§ **What is being asked**:
Transcribe the entries below exactly, starting with the line that has "P1Harmony 'HARMONY : ALL" and stopping after the line that has "Stabilo Boss Original Pastel - Hint of Mint"; no pictures belong in the copy.

§ **Source data**:

────────────────────────────────────────

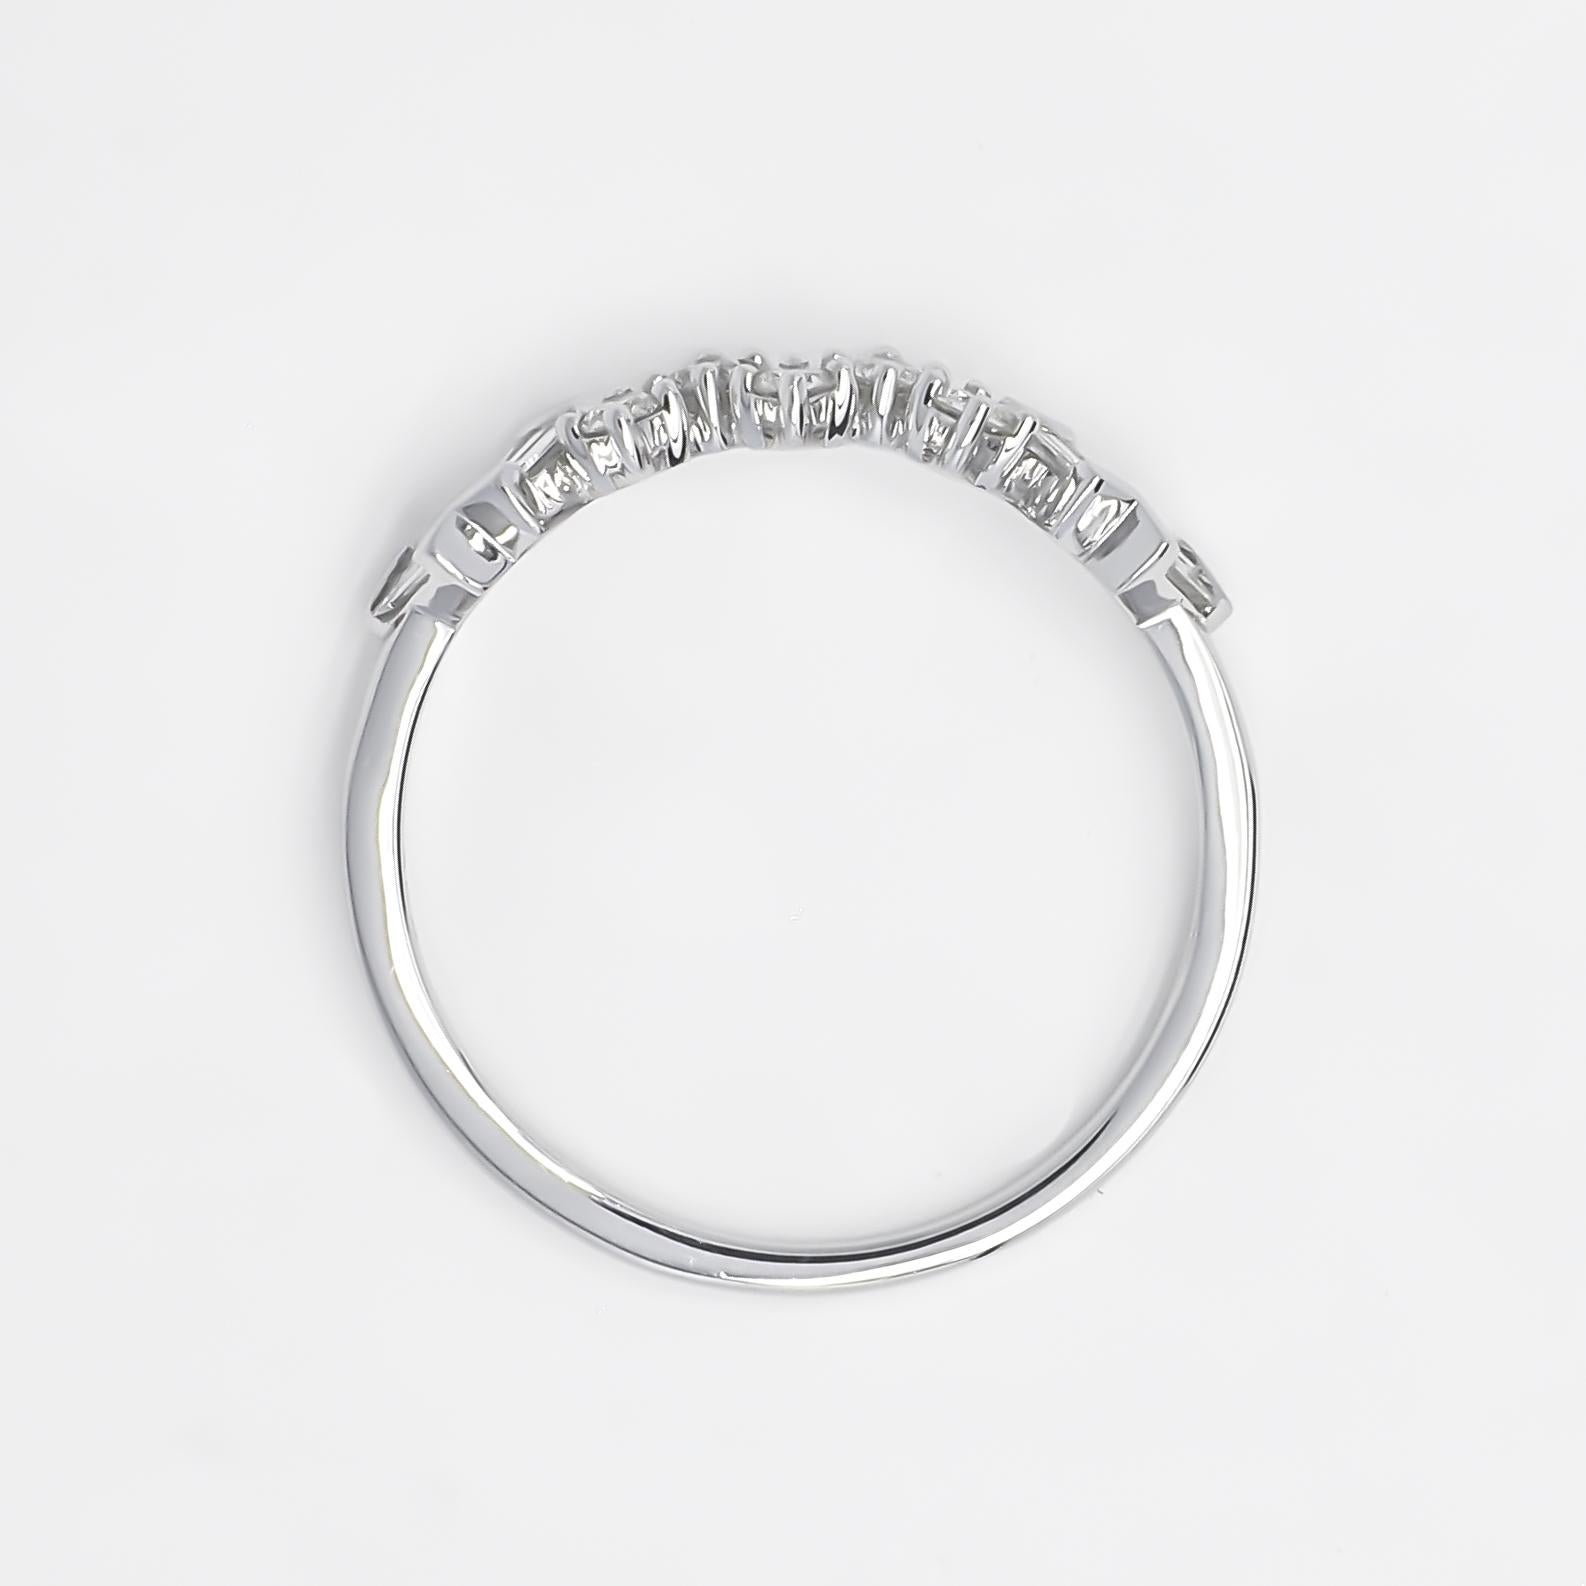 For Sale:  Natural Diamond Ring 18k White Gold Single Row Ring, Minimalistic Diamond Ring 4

────────────────────────────────────────

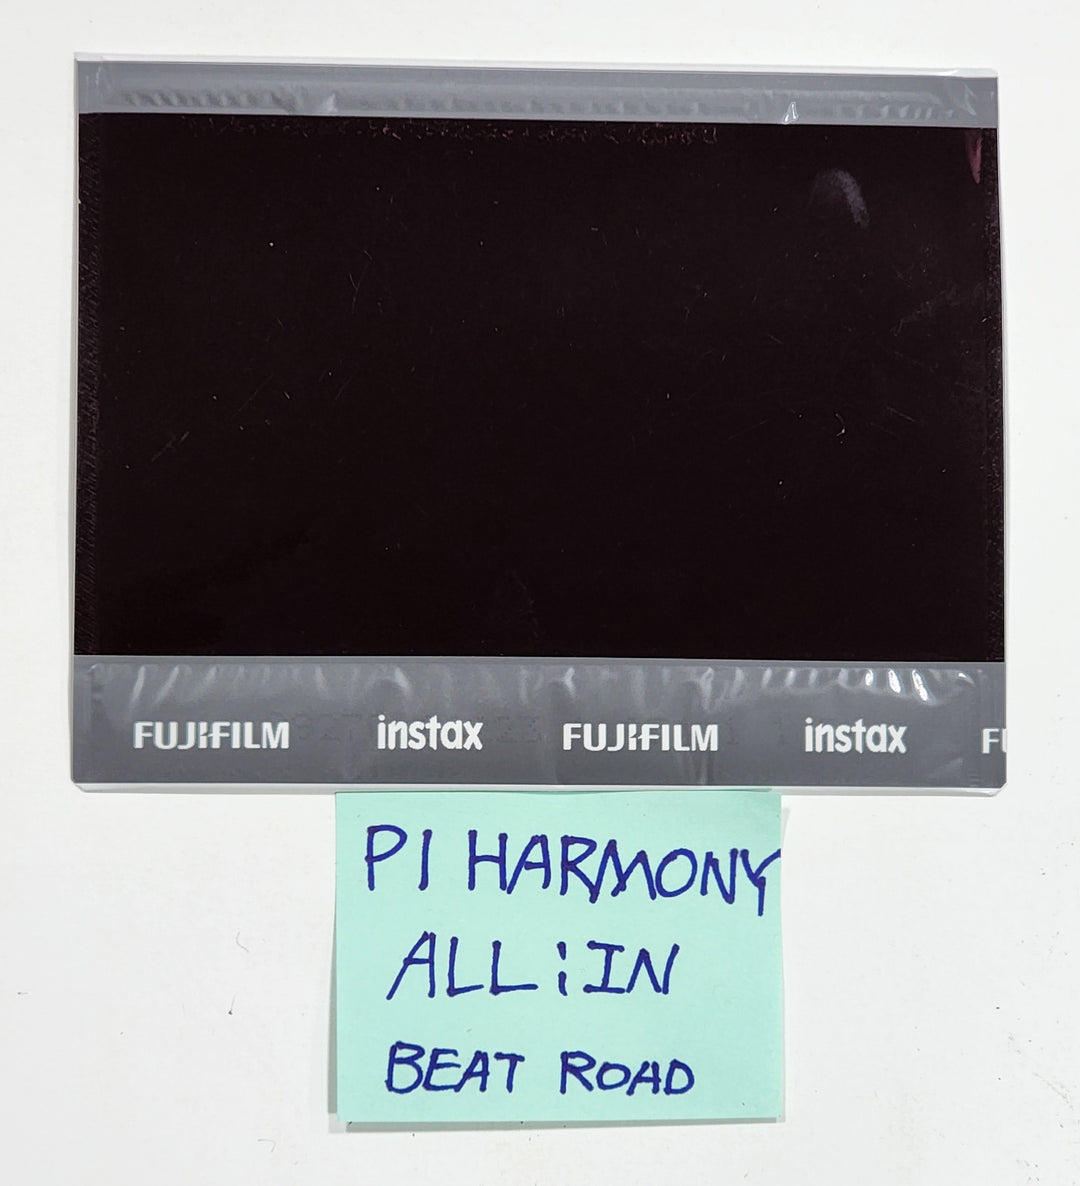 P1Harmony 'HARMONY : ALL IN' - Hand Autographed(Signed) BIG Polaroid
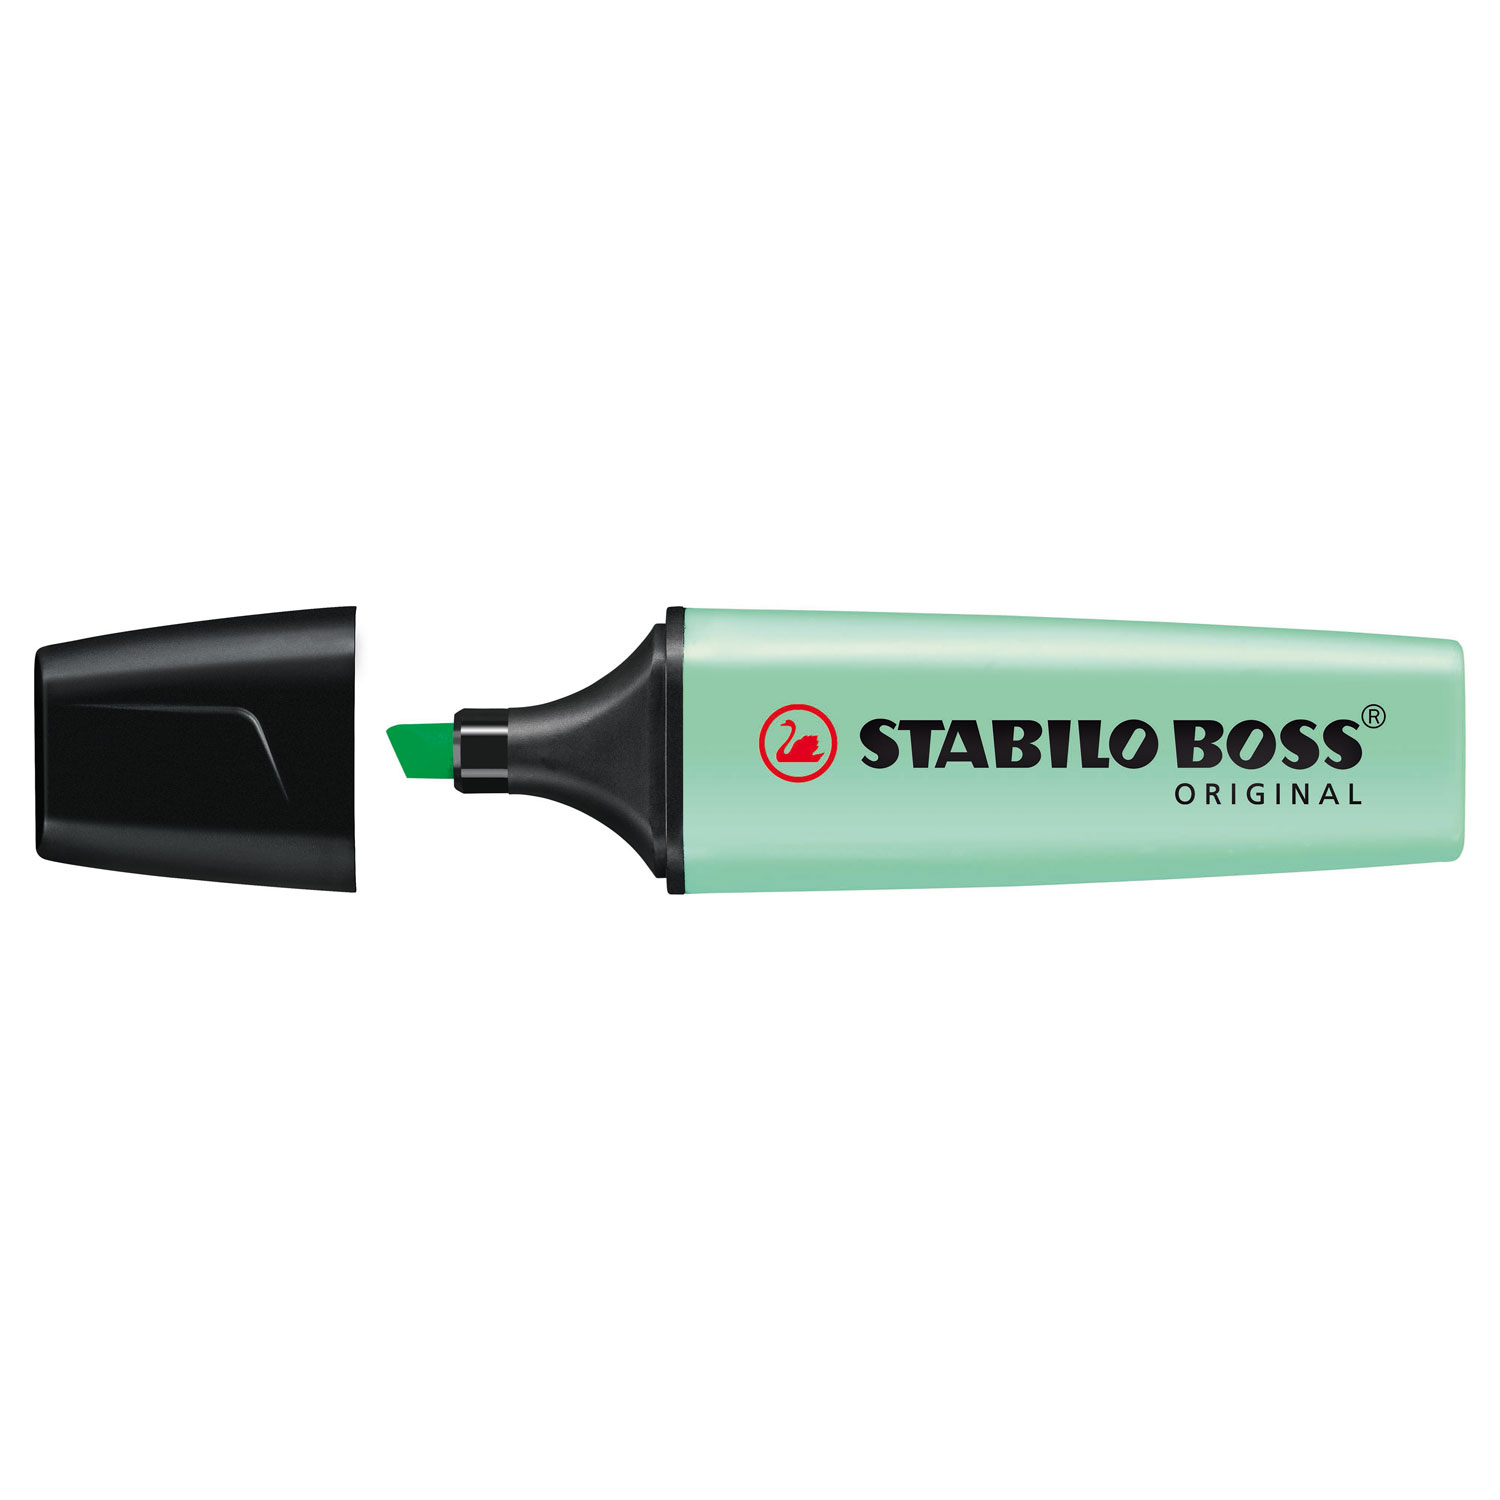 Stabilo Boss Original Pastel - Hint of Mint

────────────────────────────────────────

§ **Response to this task**:
 P1Harmony 'HARMONY : ALL IN' - Hand Autographed(Signed) BIG Polaroid
 Stabilo Boss Original Pastel - Hint of Mint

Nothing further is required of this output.